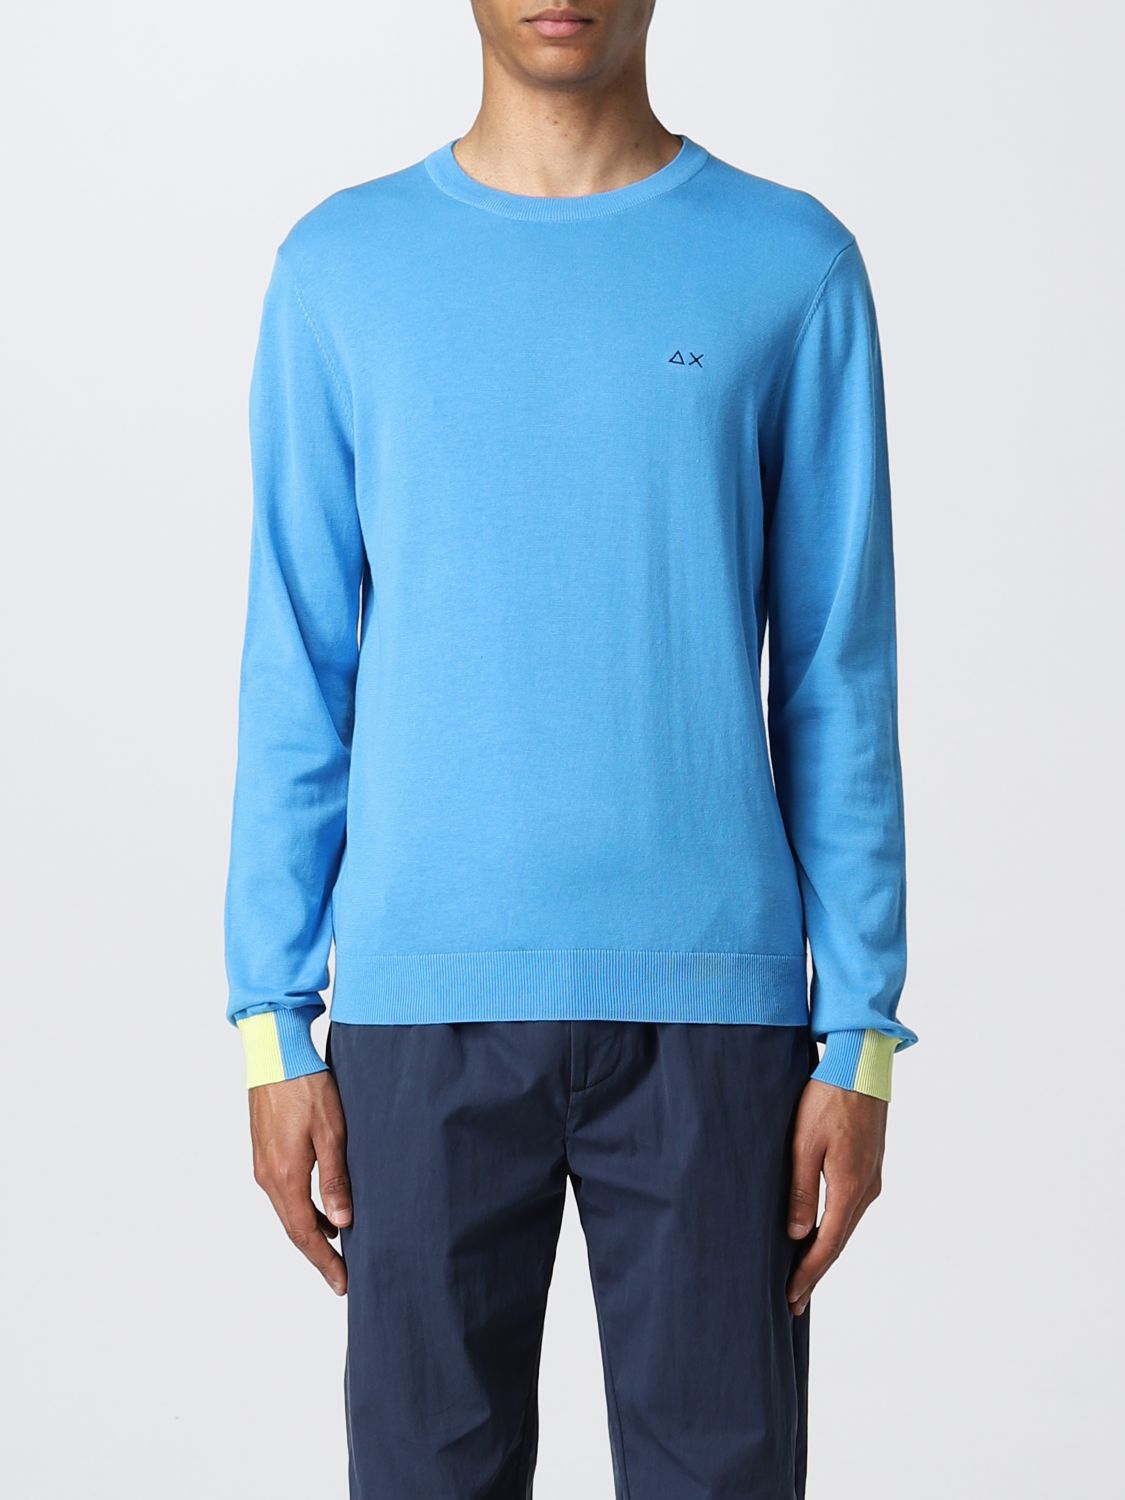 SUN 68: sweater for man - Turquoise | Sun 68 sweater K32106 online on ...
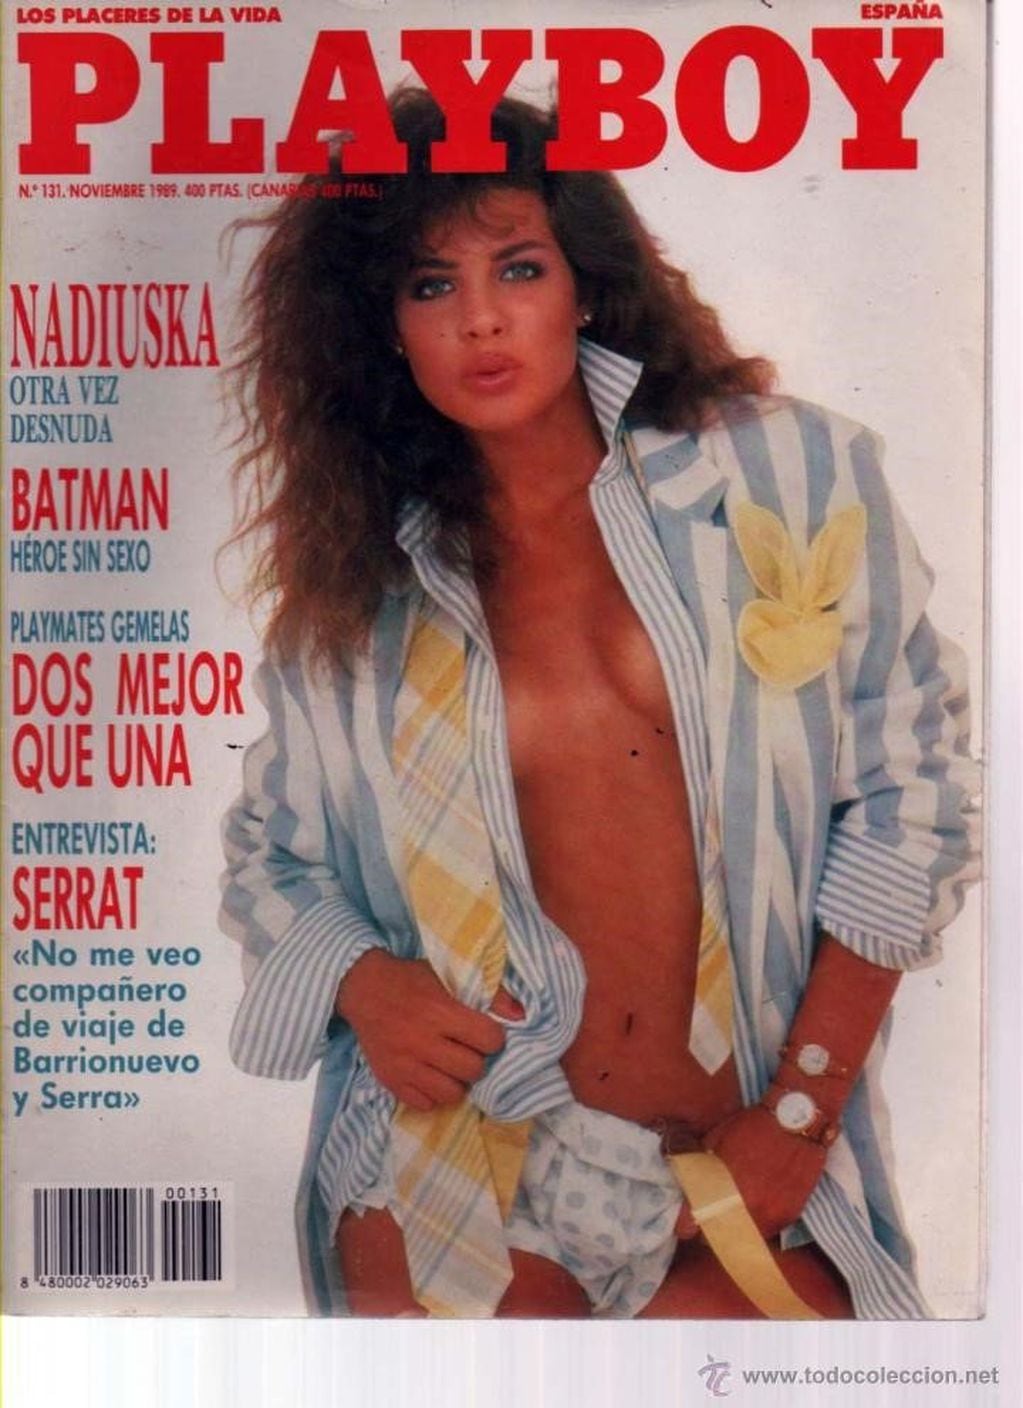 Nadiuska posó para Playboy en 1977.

---

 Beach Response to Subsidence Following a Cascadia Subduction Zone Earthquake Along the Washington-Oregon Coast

---

#### Task instructions
Your answer should be the exact lines above from the one containing "SUN 68: sweater" through the one containing "Nadiuska posó para Playboy en 1977.", with both end lines kept and the pictures removed, please.

#### Exercise answer
 SUN 68: sweater for man - Turquoise | Sun 68 sweater K32106 online on ...
 Nadiuska posó para Playboy en 1977.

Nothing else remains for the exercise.